Exception in thread Thread-24:
Traceback (most recent call last):
  File "/home/hannan/.conda/envs/fastai/lib/python3.6/", line 916, in _bootstrap_inner
  File "/home/hannan/.conda/envs/fastai/lib/python3.6/", line 864, in run
    self._target(*self._args, **self._kwargs)
  File "/home/hannan/.conda/envs/fastai/lib/python3.6/concurrent/futures/", line 295, in _queue_management_worker
  File "/home/hannan/.conda/envs/fastai/lib/python3.6/concurrent/futures/", line 253, in shutdown_worker
  File "/home/hannan/.conda/envs/fastai/lib/python3.6/multiprocessing/", line 129, in put_nowait
    return self.put(obj, False)
  File "/home/hannan/.conda/envs/fastai/lib/python3.6/multiprocessing/", line 83, in put
    raise Full

Try doing a git pull. I’ve just changed how this runs.

1 Like

@apil.tamang, may I please know which “original paper”

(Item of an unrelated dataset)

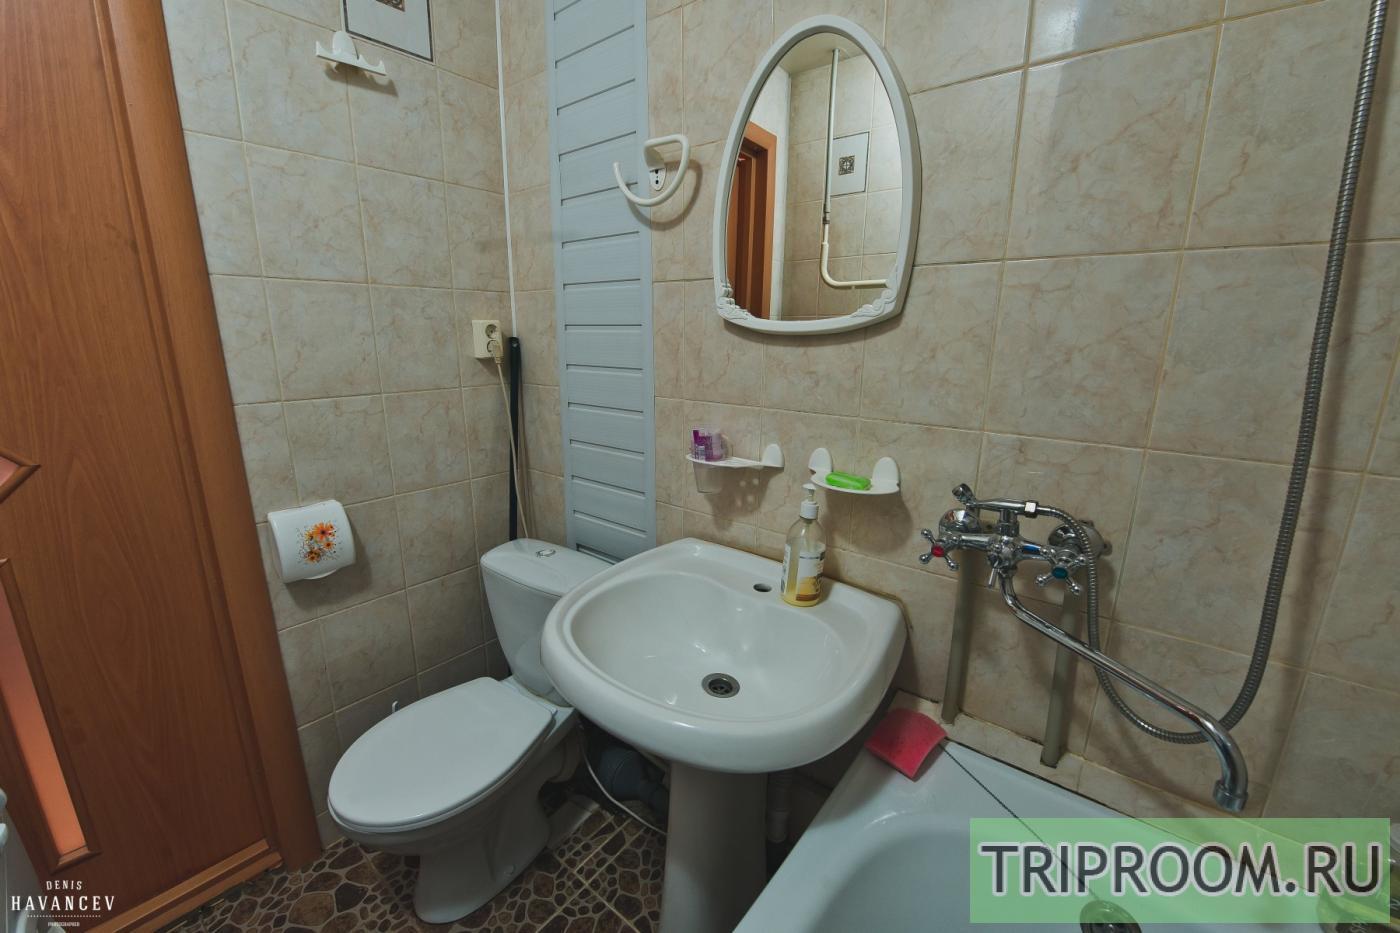 1-комнатная квартира посуточно (вариант № 14829), ул. Космонавтов набережная, фото № 11

I was facing the same issue and after lot of tries somehow reached this article.
@jamesrequa : Your trick did solve the problem. Thanks :slight_smile:
@jeremy : I am running the latest version of code from git but the problem is still there. I have 8GB Ram along with the GPU but the python notebook takes up whole CPU and hangs the system.

1 Like

Which article?

@ecdrid I meant this forum post in which we are talking :stuck_out_tongue:
Sorry for the confusion.

I’ve experienced the same problem, after a fresh Anaconda install and everything up to date, on Ubuntu 17.10. The trick of changing the DataLoader stopped the RAM issue but after a while I get a error about incompatible variables types.

I’ll write here to get notified in case of a solution!